A Piece of Home in Rome: The Jewish Ghetto

Updated: Jul 31, 2022

By Emma Kessel


Visiting the Jewish ghetto had been a bucket list item of mine before even coming on this trip, as I wanted to immerse myself in the culture of my faith while being in a city I had never been to. It was hard to find time to visit the area while the sites were still open, so I decided to make a trip over during class time. As Dr. Julia says, “It is better to ask for forgiveness than for permission”, so when I apologized to Dr. Burghart for skipping his class that day, I was pleasantly surprised to hear that he was extremely glad I was able to have this experience. I visited the Jewish Ghetto with three other students, and during our little field trip, we stopped by a little museum dedicated to the Italian Jews of the Holocaust. It was a small exhibition, and mostly in Italian, so all I could base our experience on was the pictures shown. A couple of minutes into looking around, an employee of the museum came up to us and offered to give us a tour around the exhibit, free of charge.

His name was Aldo, and we learned he was a descendent of Roman Jews who lived during the Holocaust, with most of his mother’s and father’s family perishing during the German occupation. Aldo also told us that all the artwork shown throughout the exhibit were drawn by Italian Jews. His English wasn’t great, but I had let him know that I was also Jewish, and was able to help translate the events he talked about to my friends with the knowledge I had about the Holocaust. This man is the epitome of a mensch, which is a Yiddish term used to describe a truly good, selfless, and loving person. Aldo lead us through every room in the museum and even made the security team wait to close down the museum for the day, ensuring that I was able to understand the events of what happened in Italy during the Holocaust. We stayed 30 minutes past closing time, and when Aldo had finished his tour, he refused to take any of the money I offered to thank him for this opportunity. Growing up in a Jewish family, I was taught that it is my duty as a Jew to make sure the events of the Holocaust do not get lost in history. The only way to do this is to inform anyone and everyone who wants to listen, so having Aldo, a Jew who lives halfway across the world embodying the ideals I was taught as a child, was extremely emotional and empowering.
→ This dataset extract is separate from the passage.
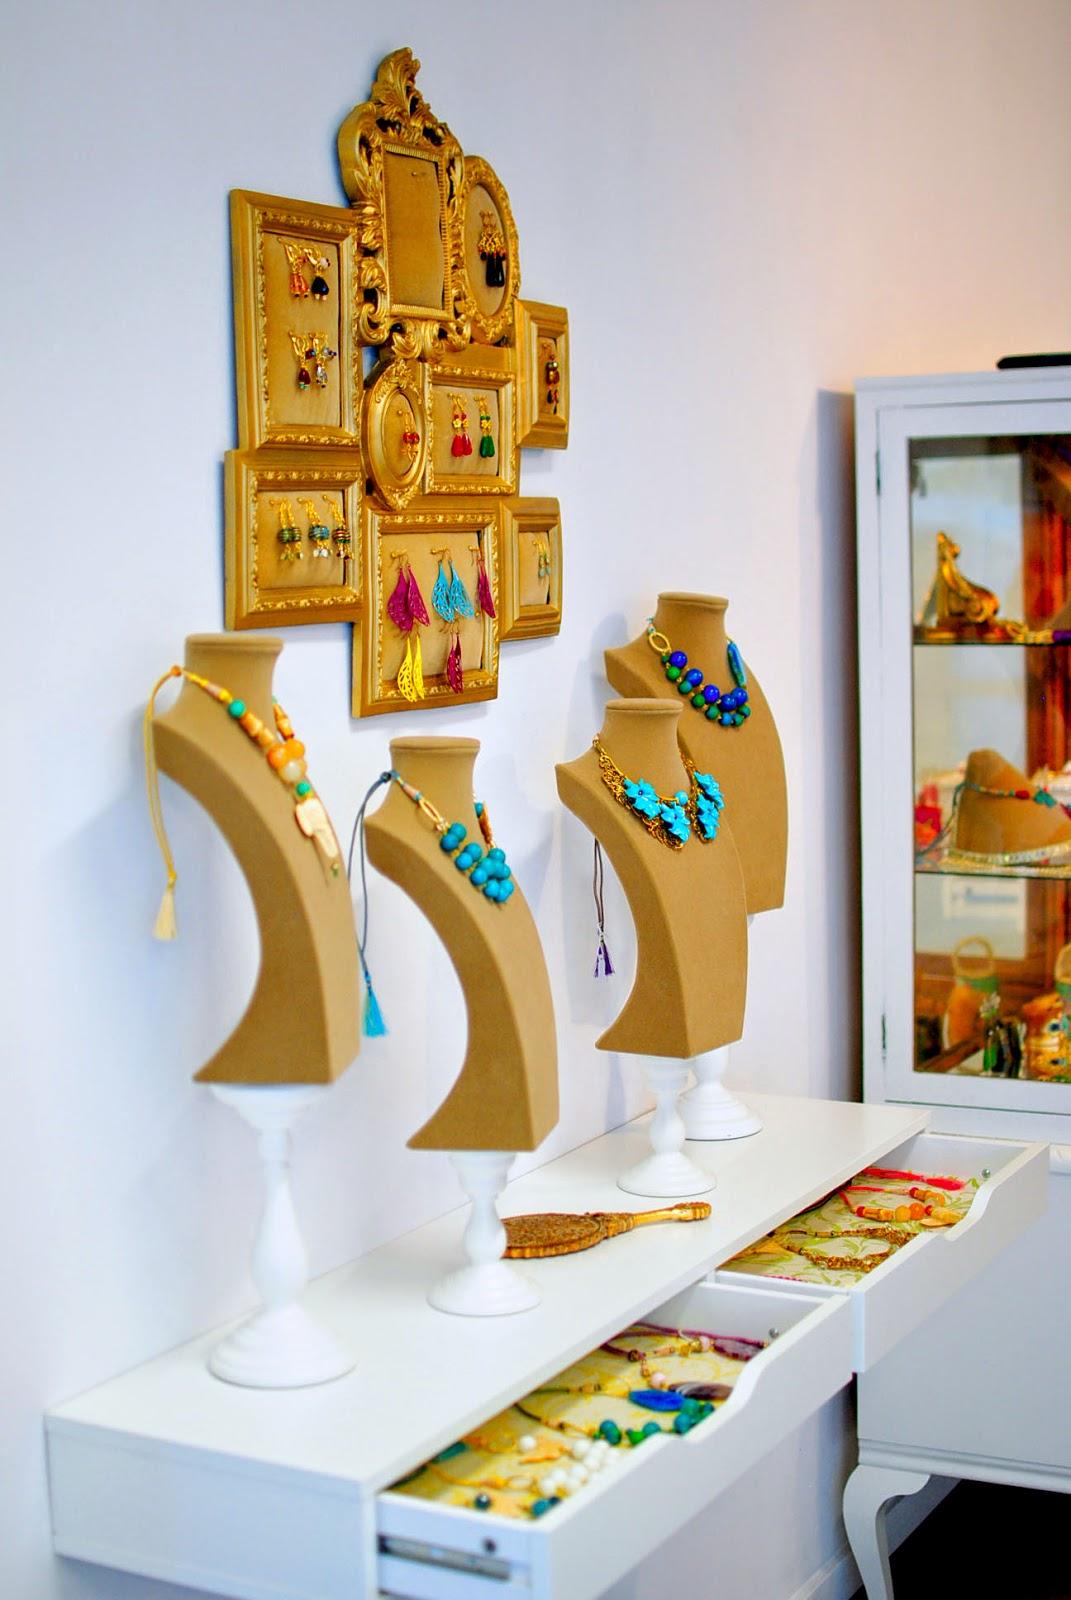 nery hdez, maharani , elisa salas, joyas diseñadas en canarias, moda en tenerife

This experience made my time in the ghetto even more special, and I had never been prouder to be a Jew.


Visiting the Jewish ghetto had been a bucket list item of mine before even coming on this trip, as I wanted to immerse myself in the culture of my faith while being in a city I had never been to.

History

Throughout the Middle Ages, it was commonplace for citizens in Italy to live in separate groups according to their place of origin and occupation. For Jewish residents, it was easier to live this way to be close to family, friends, and common/religious services. Living in close proximity was also a method of defense and safety, as the populations surrounding the Jews were Christian missionaries who often led anti-Jewish uprisings. In the 1500s, leaders of many cities throughout Italy decided to confine the Jews into ghettos, also known as prison neighborhoods. These areas were enclosed by walls and gates, and Jews were forbidden to live freely. These gates were opened at dawn and locked one hour after sunset, and the number of gates surrounding the neighborhood increased from 2 to 8 between the 16th and 19th centuries. They were restricted with prohibitions of every kind, including what kind of jobs they could have and where they were allowed to go.


Jewish life in Rome changed dramatically on July 14th, 1555, when Pope Paul IV established the Roman/Papal States ghetto, which became the largest prison neighborhood in the country. As Jews were forbidden to live in most parts of Italy and were annexed to the Papal States to ensure separation of the Catholic Church and Judaism.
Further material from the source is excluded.